Les jours heureux, un film sur le long chemin qui mène au bonheur d’être soi
Yannick Nézet-Séguin, Rafael Payare, Kent Nagano, pour ne mentionner qu’eux, de plus en plus, la musique classique est dirigée par des superstars. Pas étonnant de voir le septième art s’intéresser à la direction d’orchestre, un thème extrêmement riche, et surtout très visuel.
Récemment, au cinéma, il y a eu Tar, avec Cate Blanchett, Divertimento, de Marie-Castille Mention-Schaar, Maestro(s), avec Pierre Arditi et Yvan Attal. Cette semaine, c’est au tour de la réalisatrice québécoise Chloé Robichaud de nous proposer sa vision du podium. Dans son splendide film Les jours heureux, c’est une aspirante-chef, Emma, qui tient la baguette.
Cette Emma vit un moment charnière de son existence. La musicienne, extrêmement douée, se voit offrir une résidence dans un grand orchestre, une occasion en or de lancer en orbite la carrière de chef dont elle rêve depuis toujours. Maîtriser un répertoire est une chose, mais maîtriser sa vie en est une autre, surtout quand on est dans la jeune vingtaine et qu’on vit sous le joug d’un père-gérant manipulateur.
Rien pour nourrir son besoin de sérénité, Emma est par ailleurs follement éprise de Naëlle, qui est à la fois violoncelliste de l’orchestre, fraîchement séparée, mère d’un bambin, et pas prête à avouer à sa famille arabe qu’elle aime une femme.
Ce scénario multicouche est habilement construit.
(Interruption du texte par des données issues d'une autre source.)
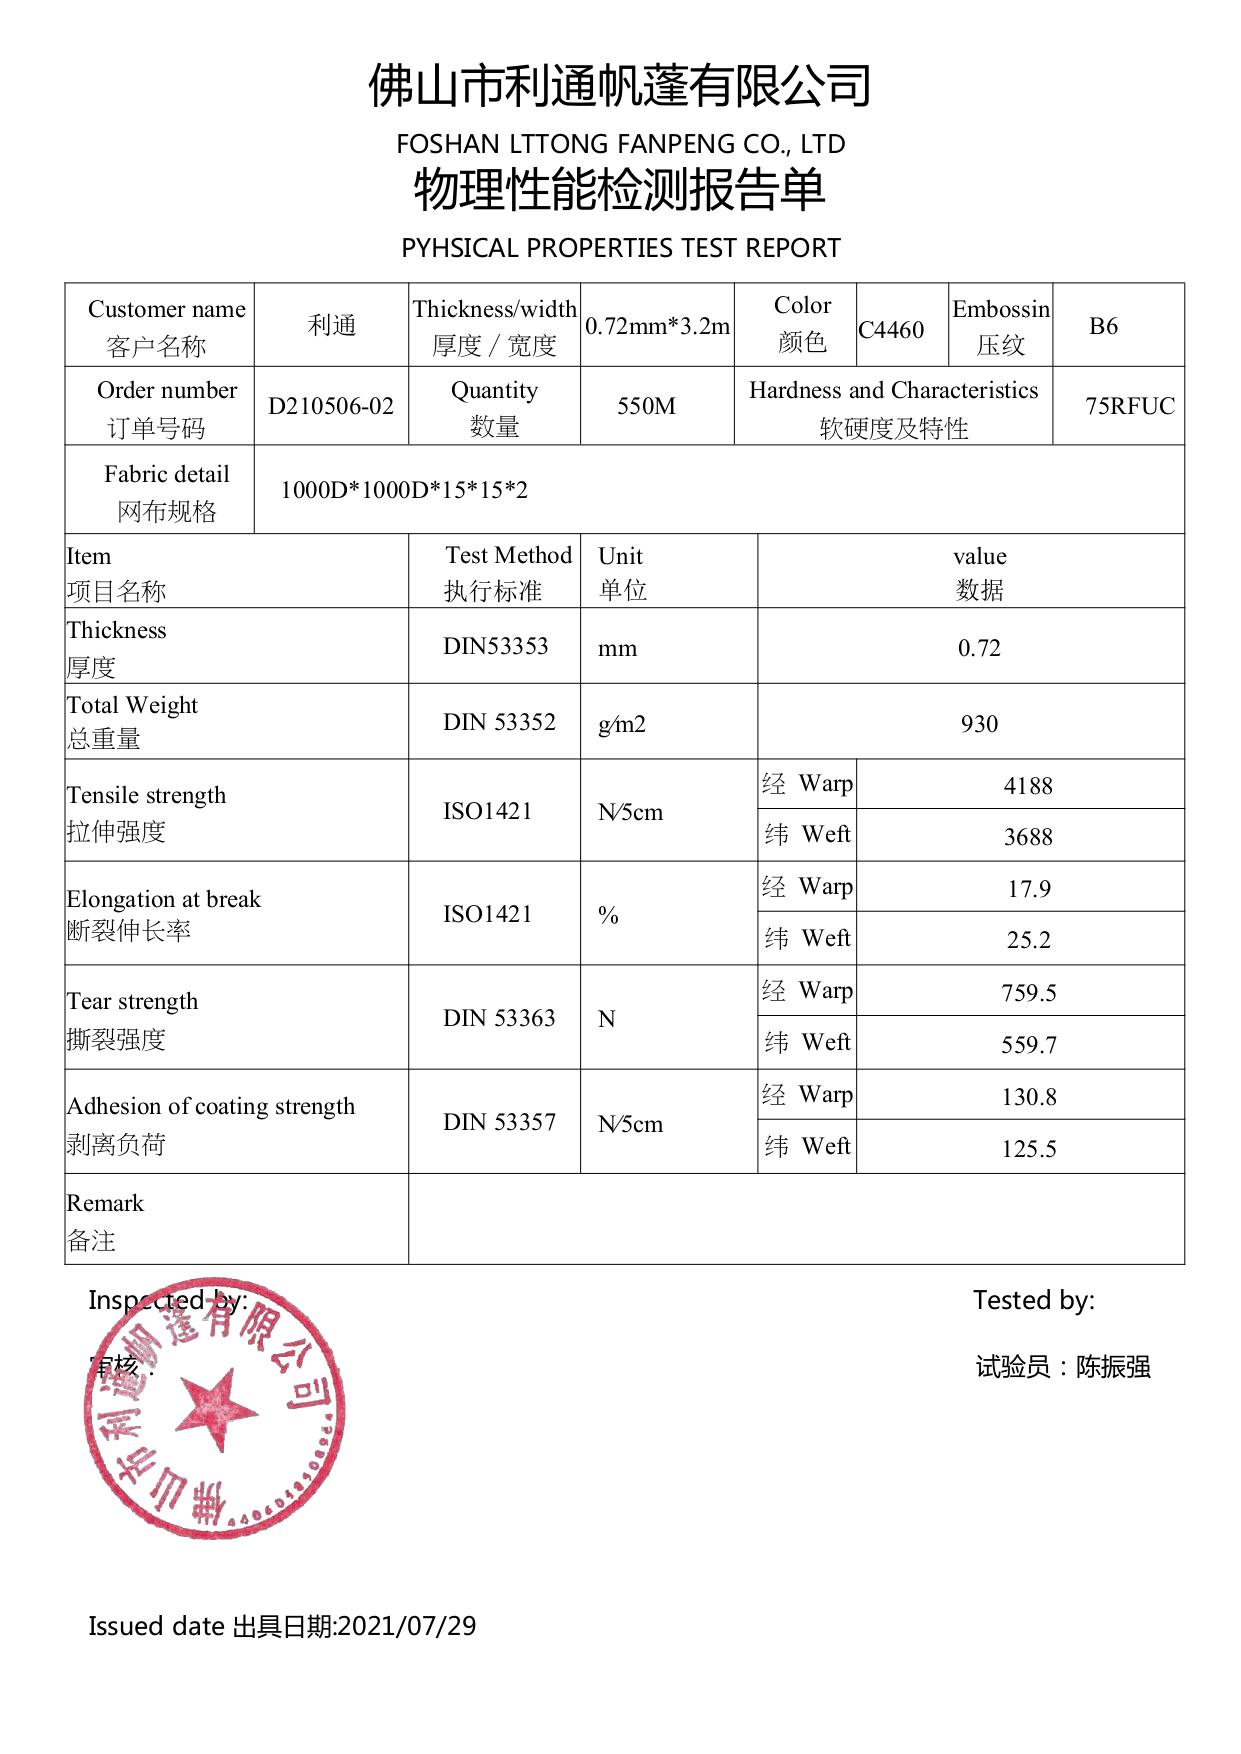 Data sheet for 0.72mm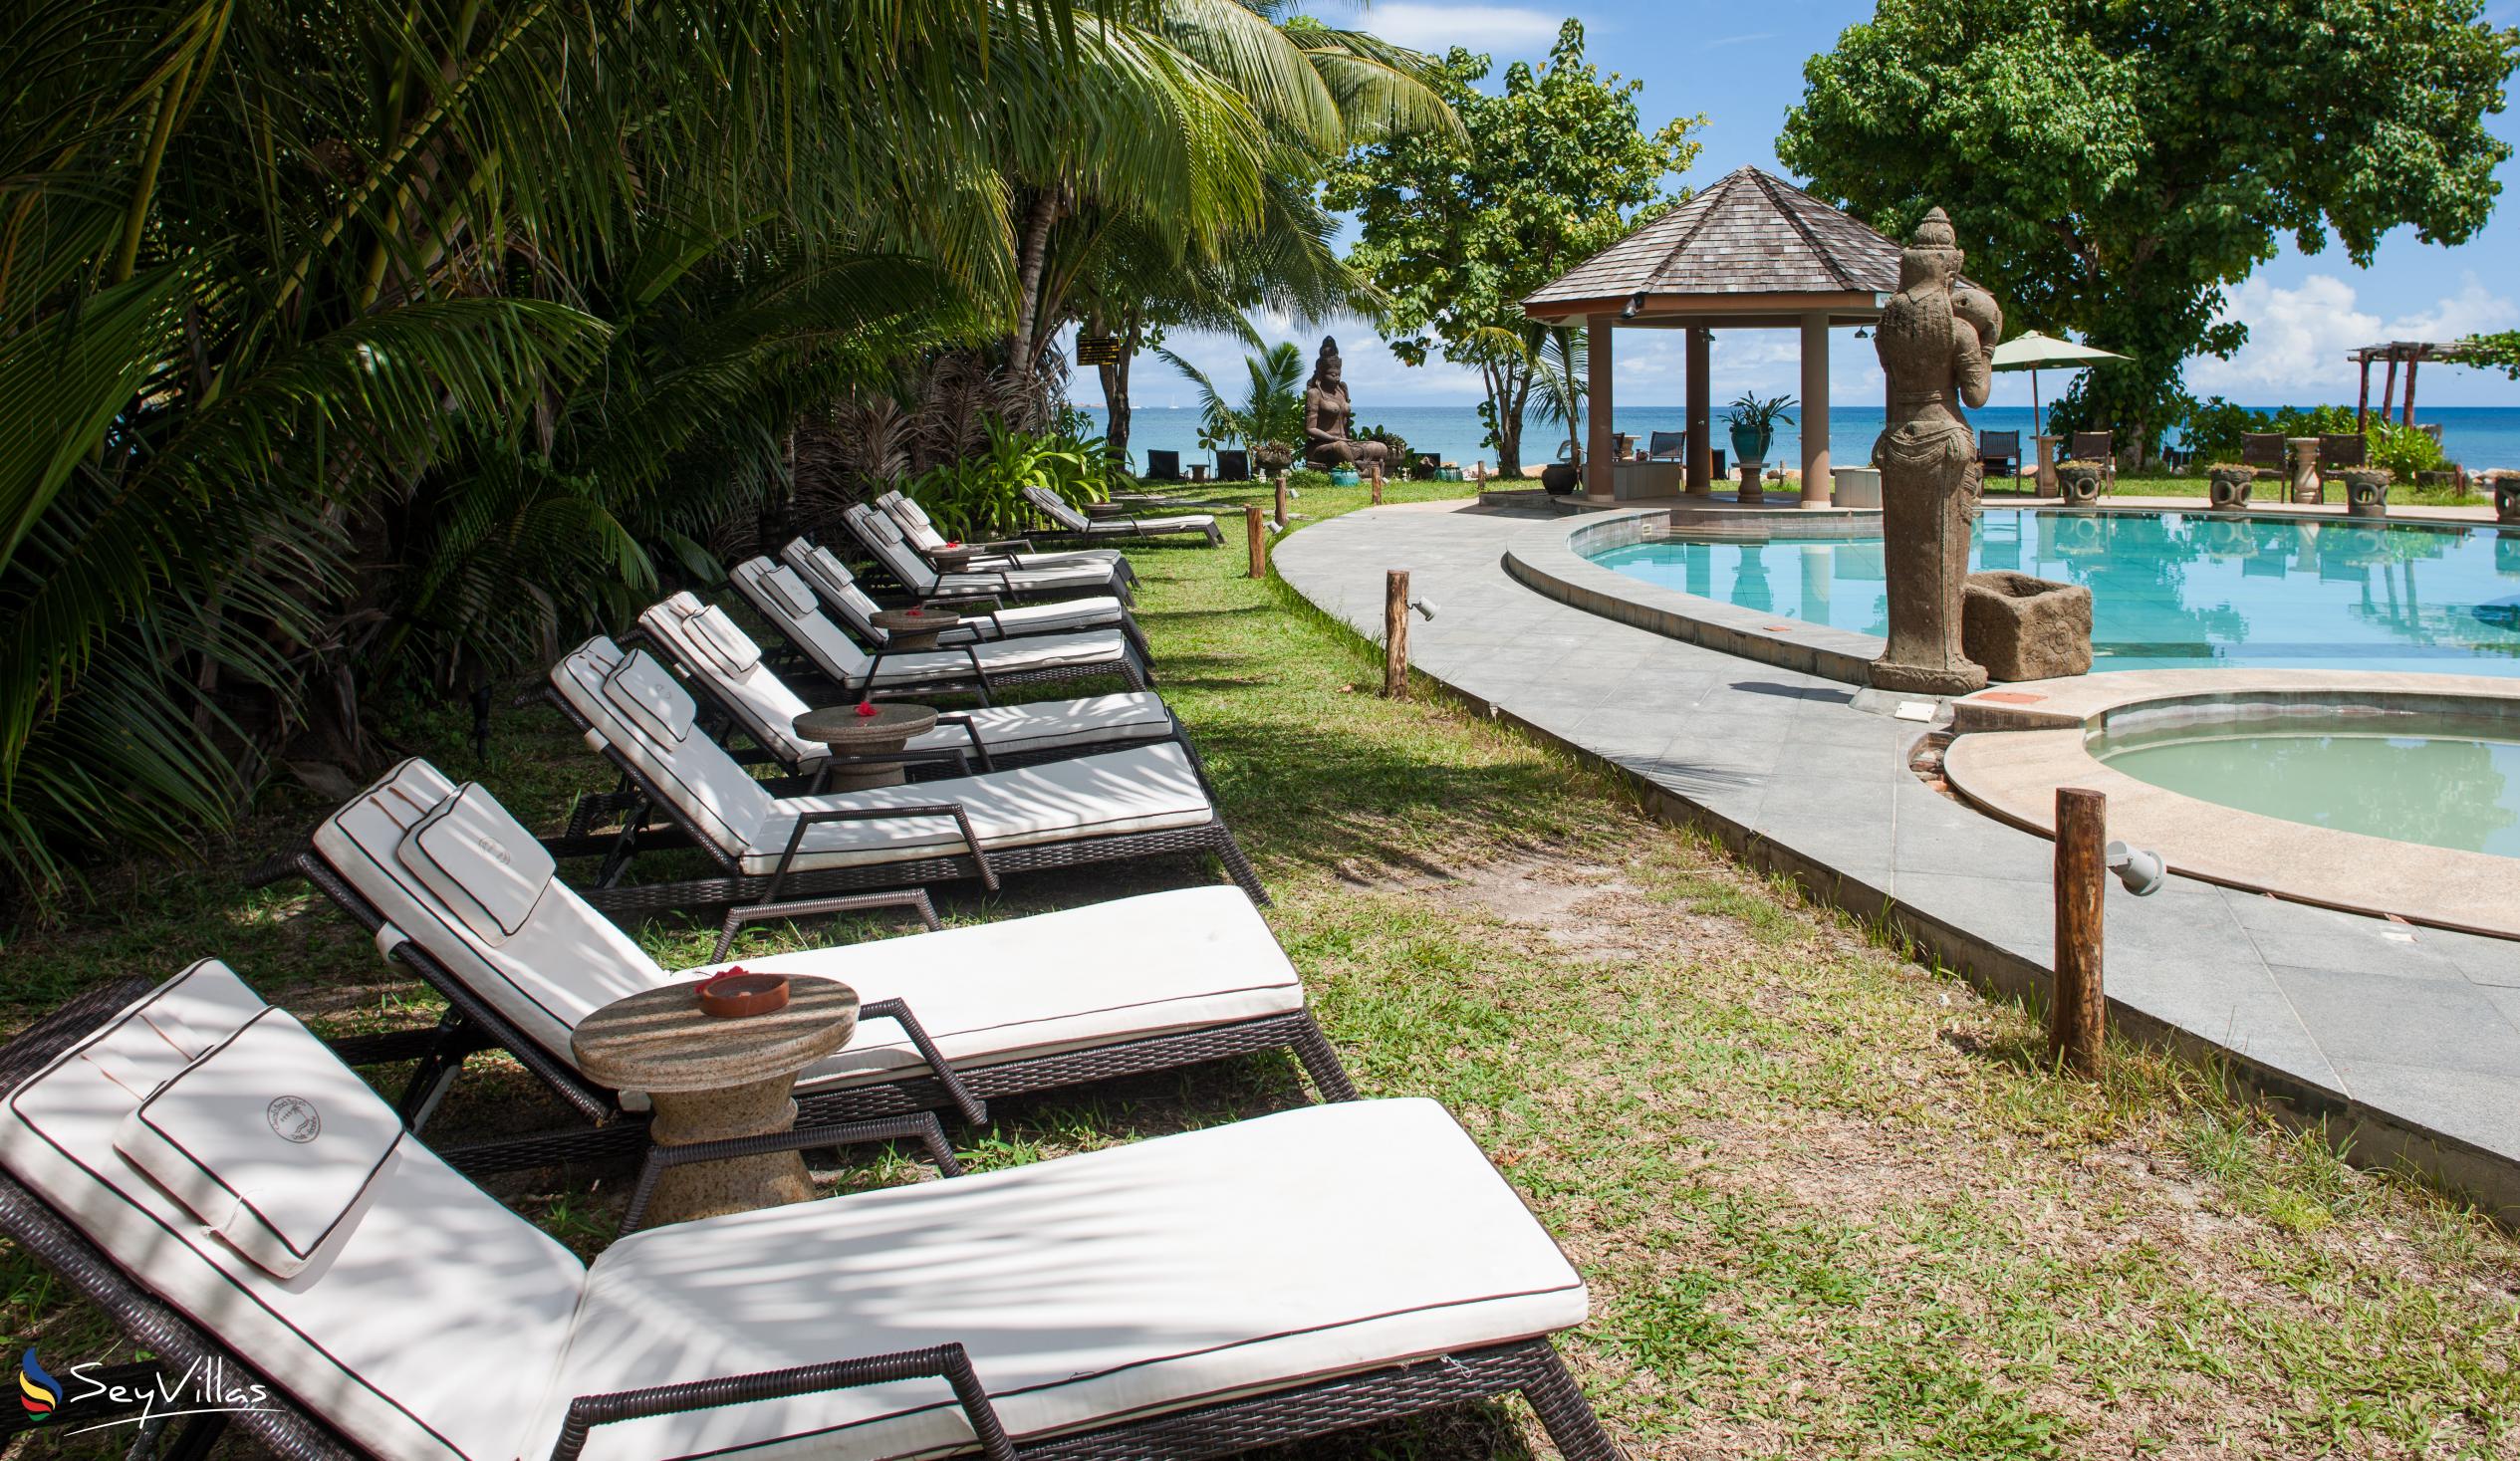 Foto 8: Castello Beach Hotel - Aussenbereich - Praslin (Seychellen)

Les histoires s’imbriquent les unes dans les autres avec fluidité grâce à des dialogues bien écrits et extrêmement naturels. Et quel bonheur d’explorer le monde de la musique classique, un univers mystérieux qui a ses intrigues, ses codes et sa faune si particulière!
Comparativement à Sarah préfère la course, son très cérébral premier long métrage sorti en 2013, ce nouveau film de Chloé Robichaud joue sur la gamme des émotions que la musique, très présente durant les deux heures de la projection, exacerbe allègrement.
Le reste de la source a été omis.